Growing up as an only child, I spent a fair amount of my youth reading comic books on the porch, or under a shady tree, or in my room--superheroes like Superman, Supergirl, Wonder Woman, and ones that intrigued my sense of the mysterious like Ripley's Believe it or Not, House of Mystery, and House of Secrets. Most of them invariably had the requisite Charles Atlas ad.
Now, I loved playing sports as a kid, and even though these ads were geared for young males, I could see where Charles Atlas' concept of "Dynamic Tension" could help me throw further, hit a softball harder, and make more free throws, when one had no money to buy gym equipment. Of course, I could not afford to sign up for the program, and I wasn't going to want to explain to my adult relatives "Why I wanted a muscle building program," but I would study his pictures in the ads and sort of halfway figured out his "Dynamic Tension" was simply a form of isometric exercise like we did in gym class. So I sort of halfway figured out what I thought his methods were, without actually buying his "secrets."

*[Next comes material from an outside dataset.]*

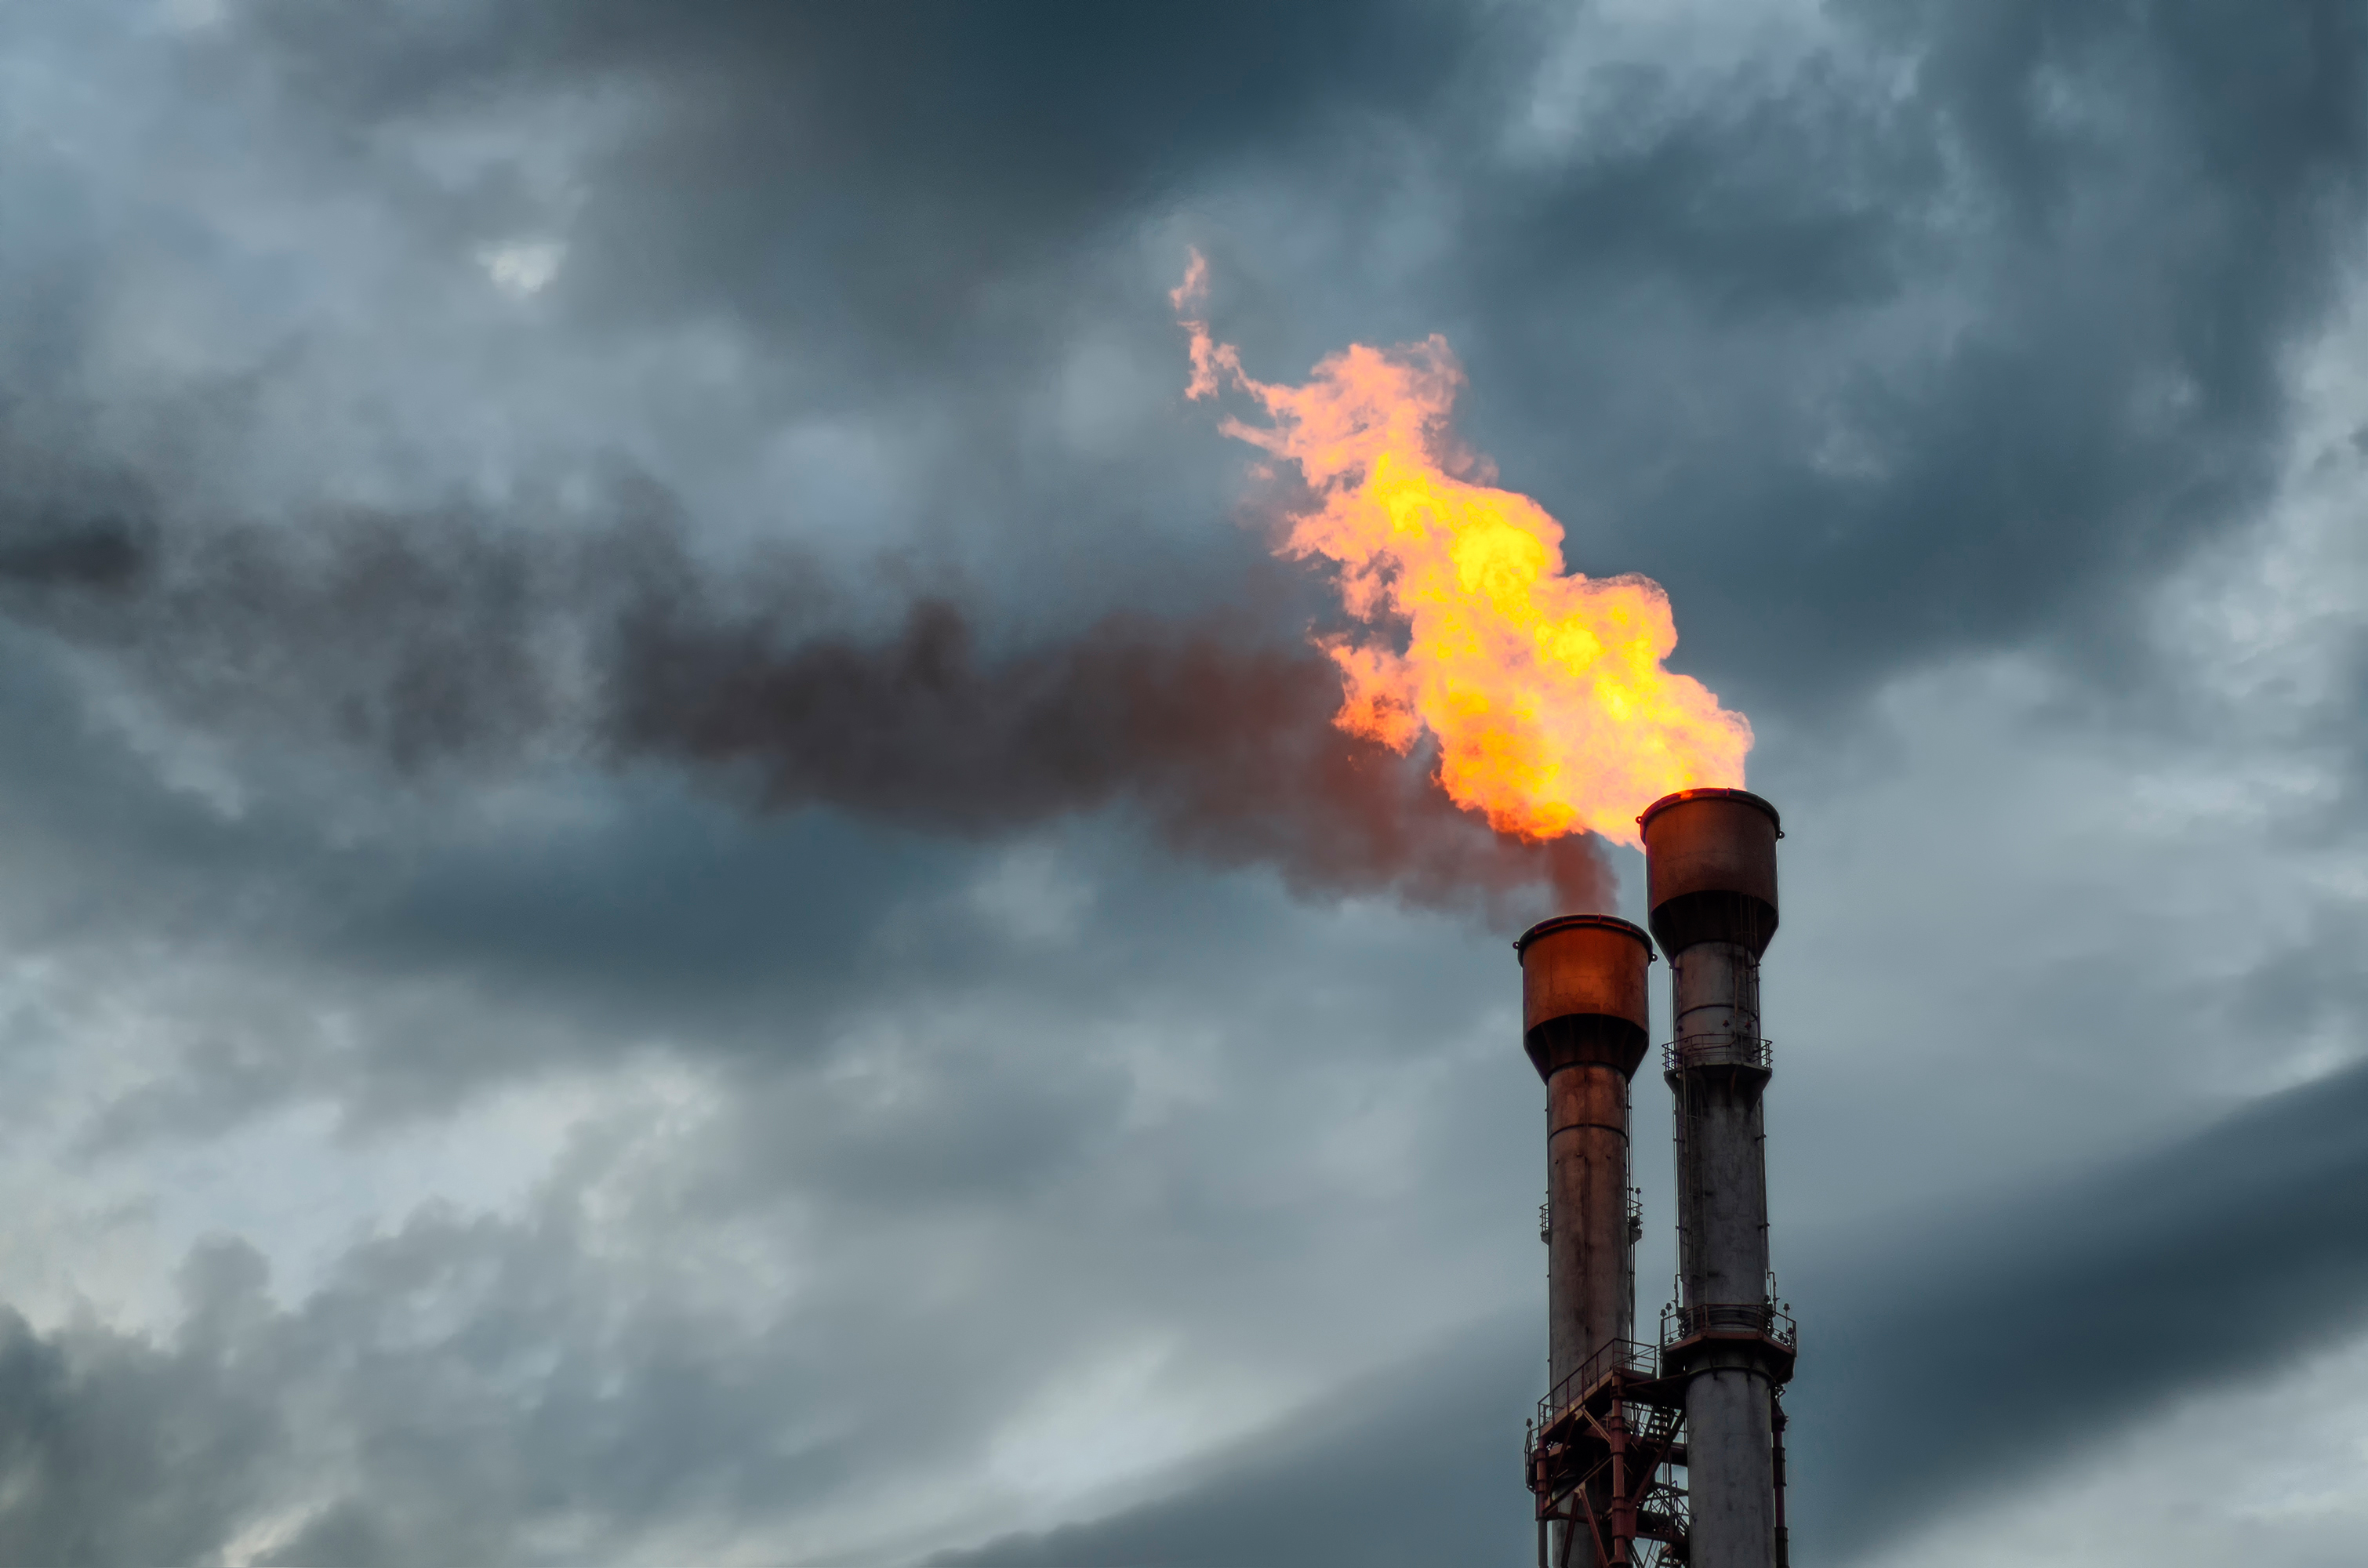 Energy companies in focus on methane emissions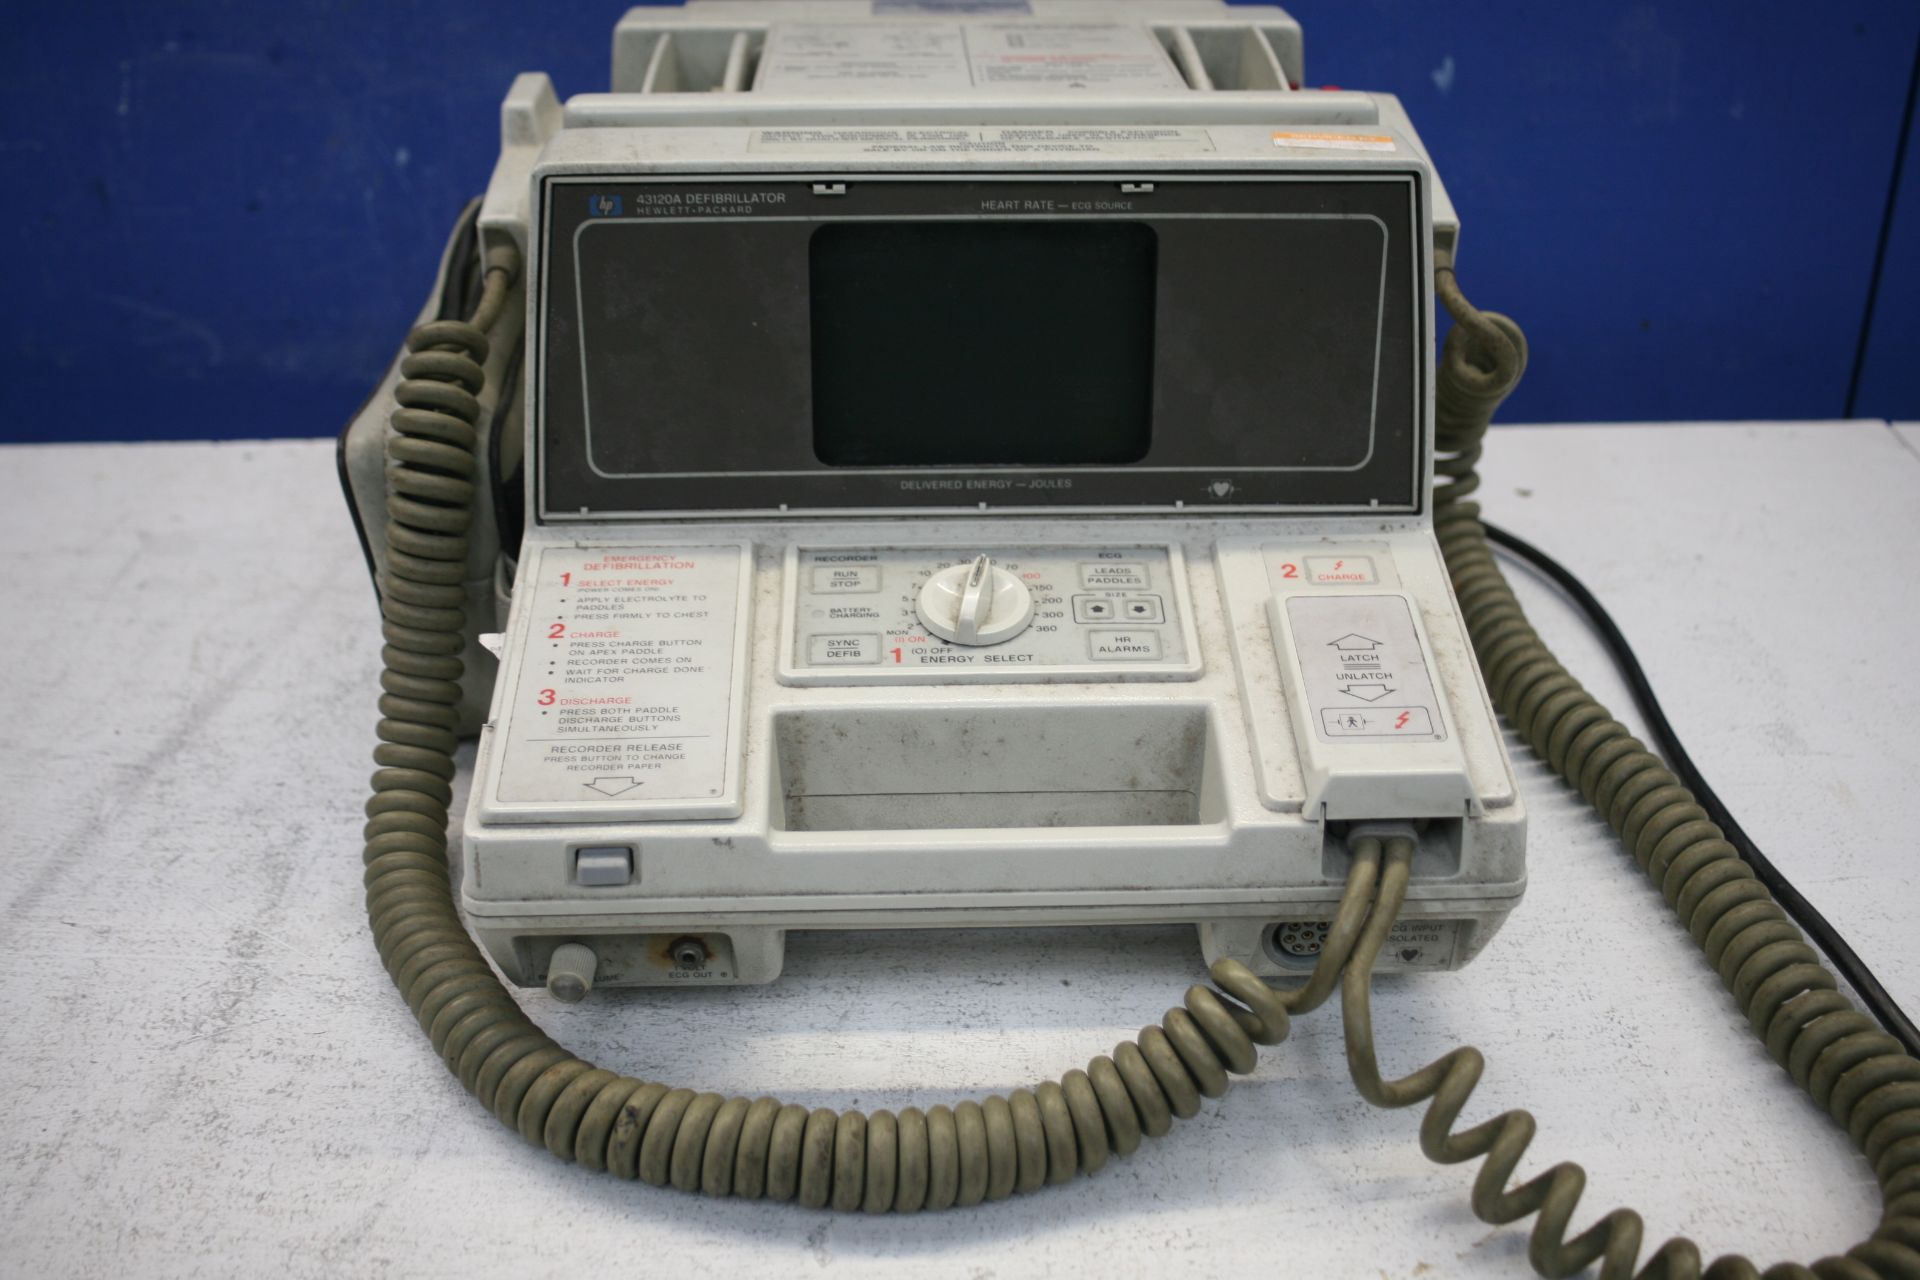 Hewlett Packard 43120A Defibrillator with Paddles *No Power* - Image 2 of 2

As I thought about this, a single sentence popped into my head, that I had created and posted on my Facebook wall a few days prior: "Faith is the dynamic tension between grace and knowledge."
So without further ado, here's my version of Verna Dozier's challenge of "Tell the story of the faith in ten minutes or less."
The story of the Christian faith is simply a three act story of dynamic tension--the dynamic tension between grace and knowledge. Grace and knowledge are unique in that they are not truly opposing forces, they are more like two clasped hands intertwined in an isometric exercise where the stormy pressure from each force creates a perfect central point of "no force"--faith--and in the eye of that storm is all that is possible both within, and beyond human understanding. To constantly strive to be suspended in the center, held aloft by both forces simultaneously. However, that point cannot exist without both forces equally involved in the exercise.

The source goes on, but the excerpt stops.